SAMR phase field simulation
SAMR, phase-field simulation of dendritic growth during solidification. (Image courtesy of Chin Yi Chee at IHPC)

Structured adaptive mesh refinement (SAMR) is a technique for improving the computational performance of simulations on structured grids by focusing computational resources where it is needed. More precisely, SAMR achieves high accuracy while controlling computational cost by restricting the use of high resolution computational grids to regions where physical or numerical considerations indicate that it is required.

To rapidly develop SAMR-based simulations, I leverage the Structured Adaptive Mesh Refinement Application Infrastructure (SAMRAI) developed in the Center for Applied Scientific Computing at Lawrence Livermore National Laboratory. SAMRAI is a large, C++ library that is designed to support large-scale, parallel, structured adaptive mesh refinement (SAMR) simulations without requiring application developers to implement low-level parallel and/or SAMR algorithms. For example, SAMRAI shields application developers from the low-level programming details involved with management of bookkeeping for SAMR data structures and parallel communication.
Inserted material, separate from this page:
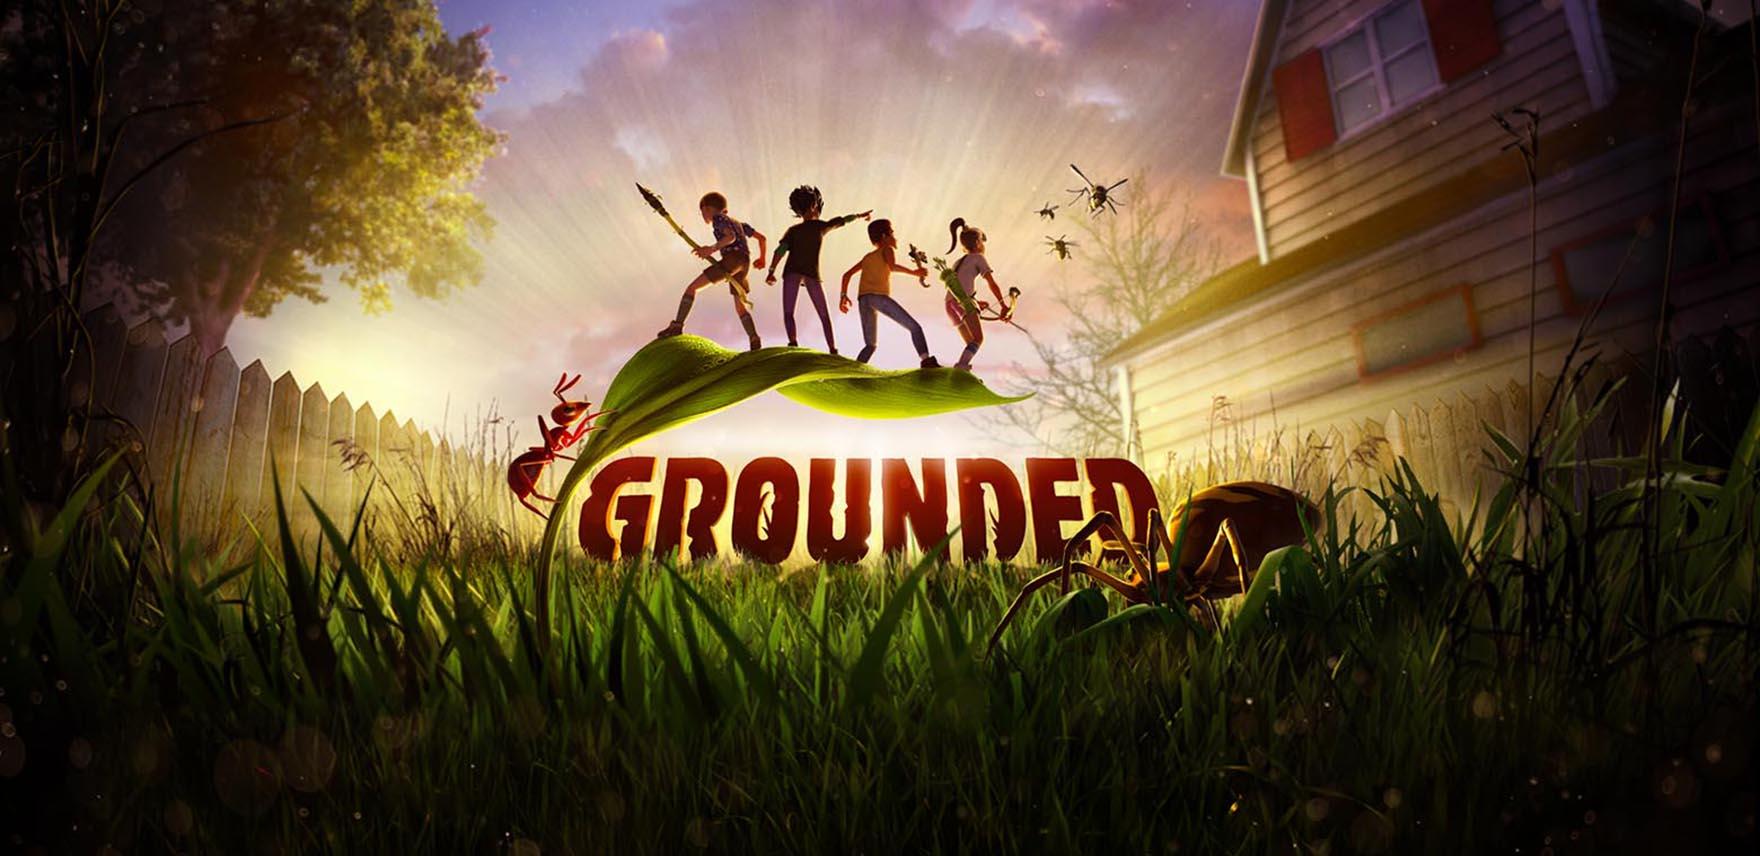 grounded | Tekno Deha

In addition, by adopting a patch-based (as opposed to a cell-based) refinement mechanism, SAMRAI makes it relatively easy to migrate from serial codes written to solve problems on simple, uniform grids to parallel and/or SAMR numerical simulations.

I am currently involved in various projects where SAMR is used to improve the computational performance of material science and biophysics simulations.